- Born: Jacobus "Cobus" Everhardus Kellermann c. 1977
- Education: Stellenbosch University
- Occupation: Chartered Financial Analyst

= Cobus Kellermann =

South African executive (born 1977)

Jacobus "Cobus" Everhardus Kellermann (born c. 1977) is a South African Chartered Financial Analyst (CFA).

==Education==
Kellermann was educated at Linden Hoerskool (matriculated 1994) and Stellenbosch University, from which he graduated in 1997 with a Bachelor of Commerce degree with a major in Mathematical Statistics.

==Career==
Kellermann joined Investec Asset Management in 1998, where he was the unit trust portfolio manager of the Investec Value Fund. In 2001 he joined Ankh Analytic as chief executive officer. In 2004 he joined Optimal Fund Management as head of technical research. In 2009 Kellermann established Clarus Capital which runs seven unit trusts to the value of over R1.35 billion.

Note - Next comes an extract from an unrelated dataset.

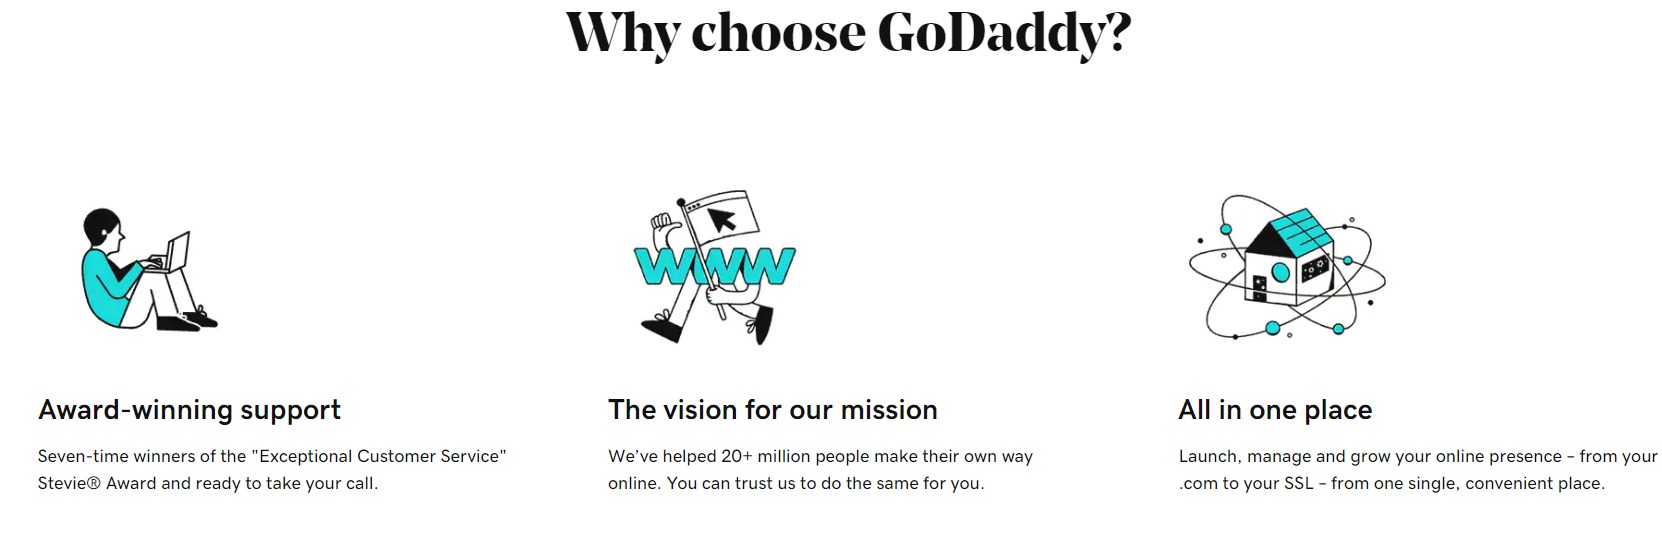 why choose Godaddy
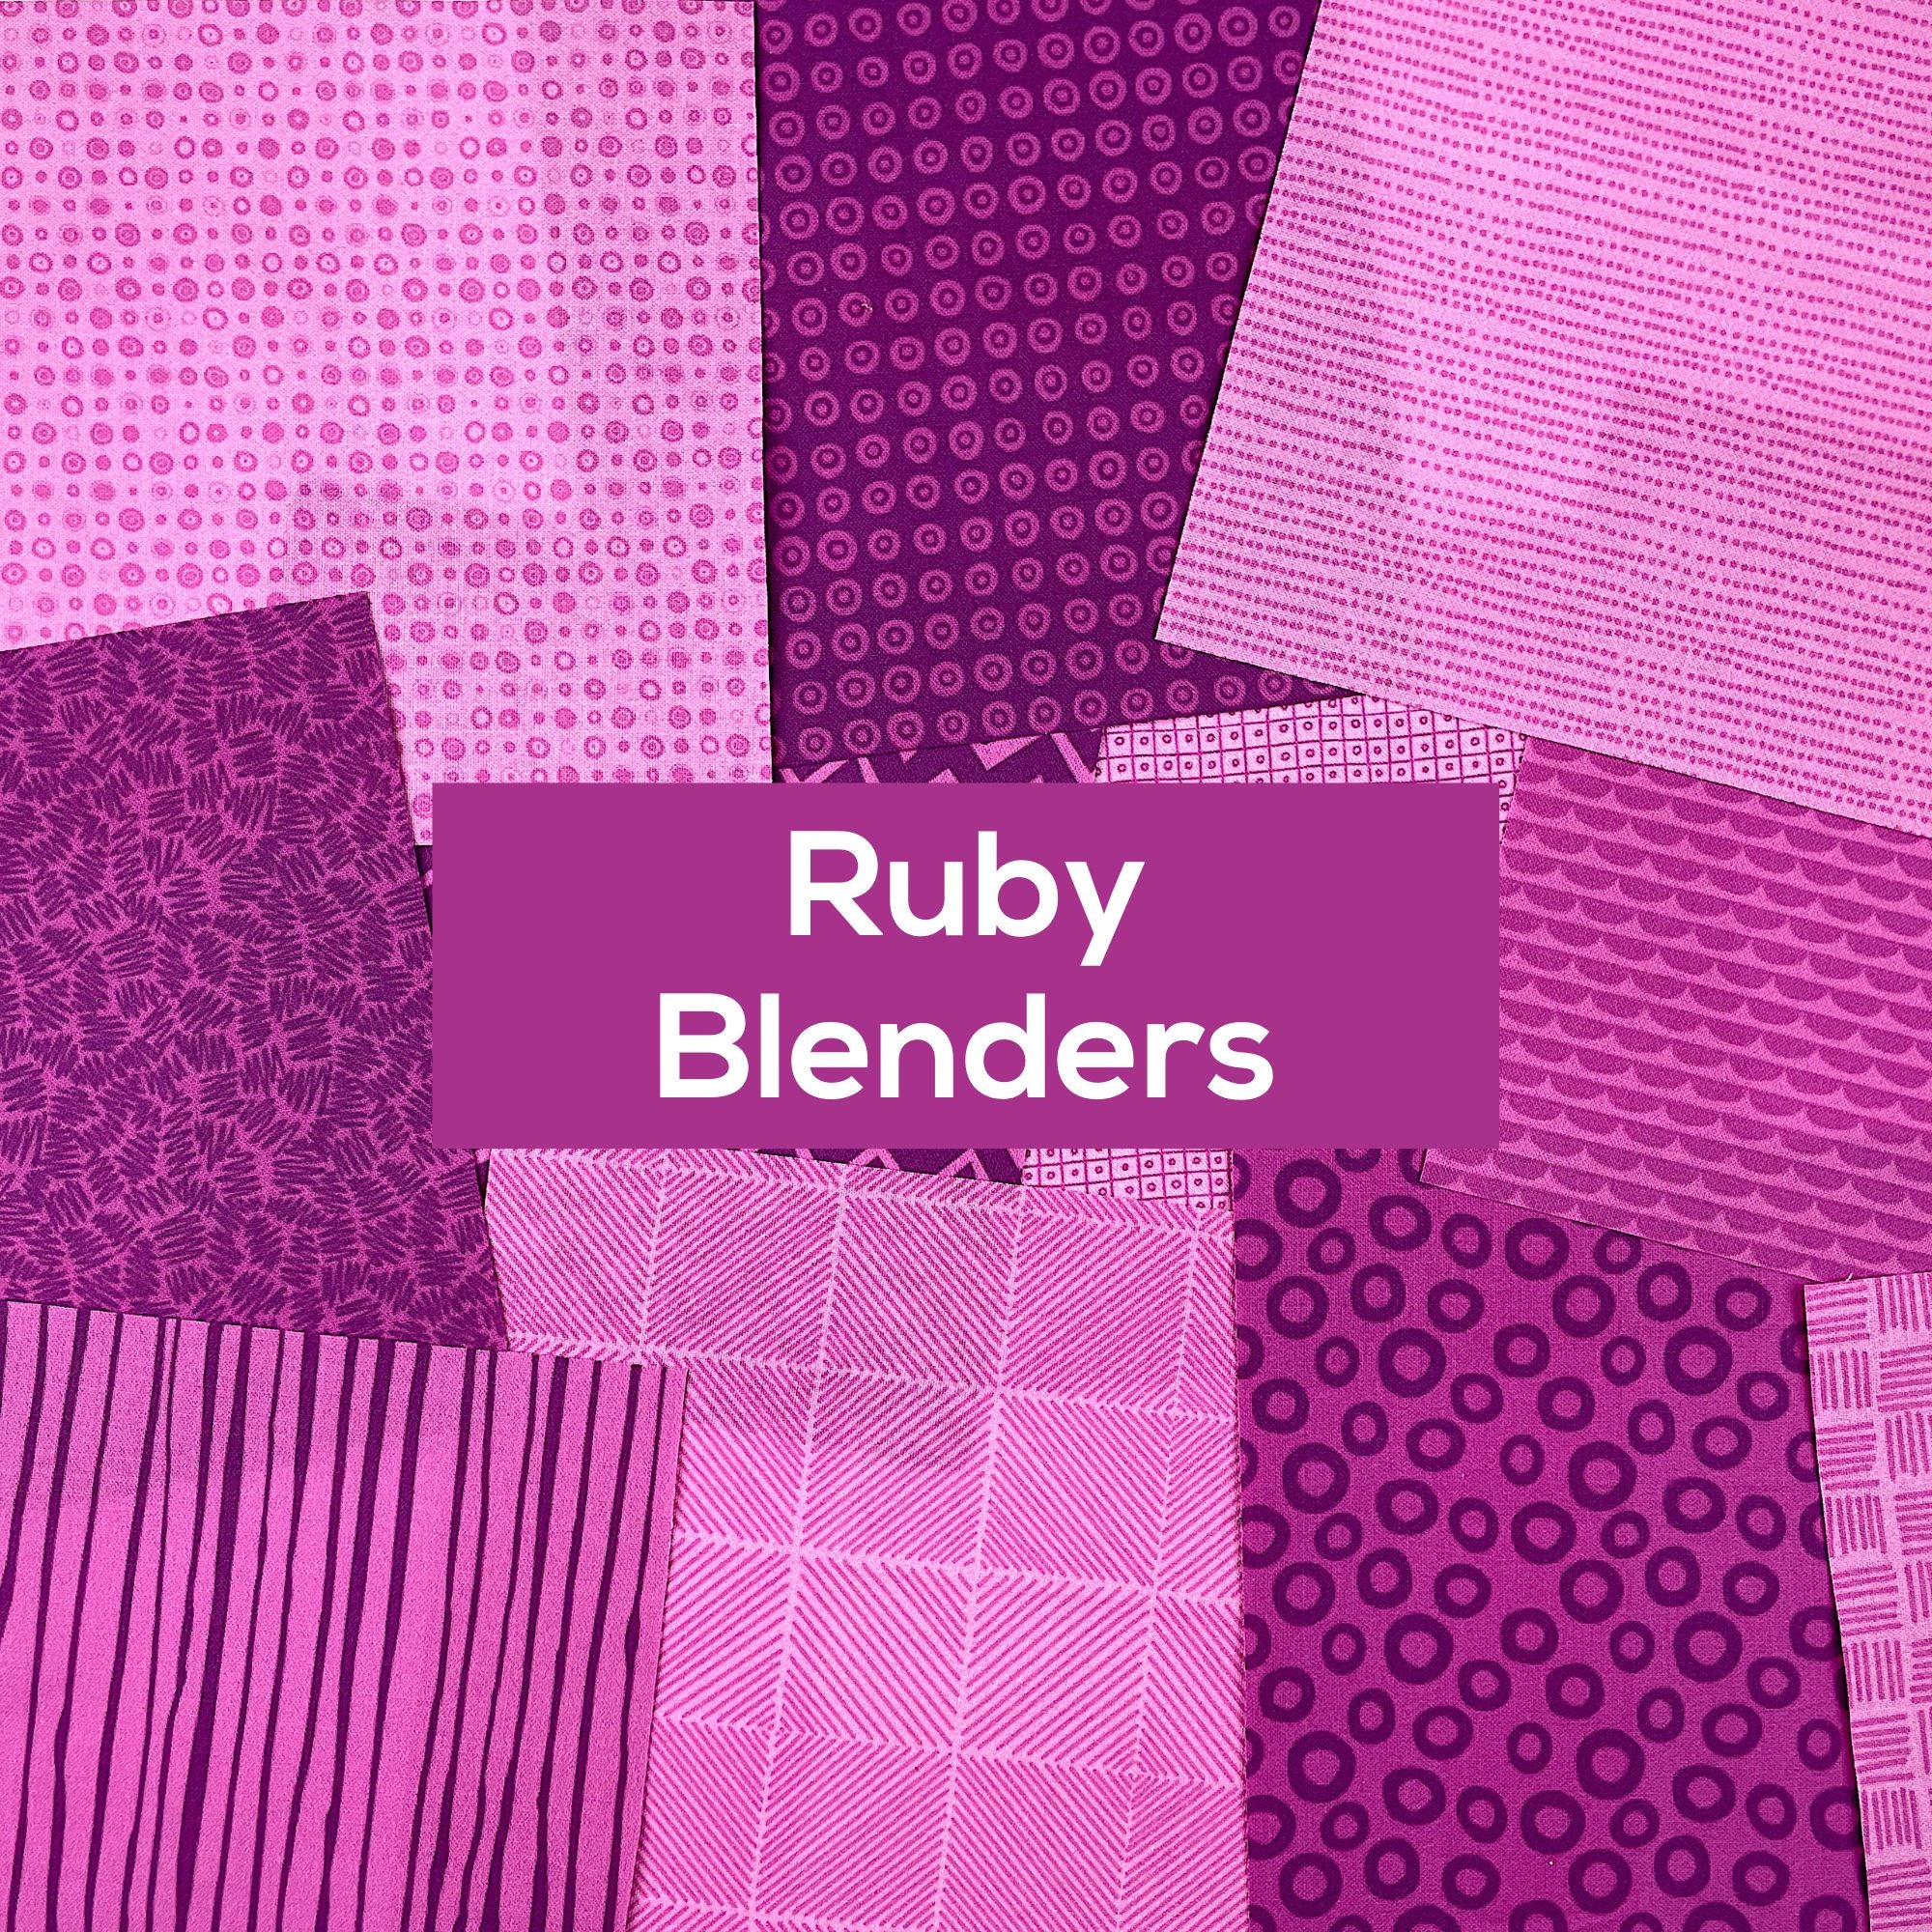 Ruby Blenders

Kellerman also owns 50% of RDL Management in Mauritius, the investment management arm of Belvedere Management Limited. The other 50% is owned by David Cosgrove. RDL has $500m funds under management. According to filings with the Mauritius Financial Services Commission, Cosgrove is the director of the firm and Kellermann is the fund manager.

==Family and personal life==
Kellermann has an enthusiasm for classic cars and reportedly owns a number of Ferraris.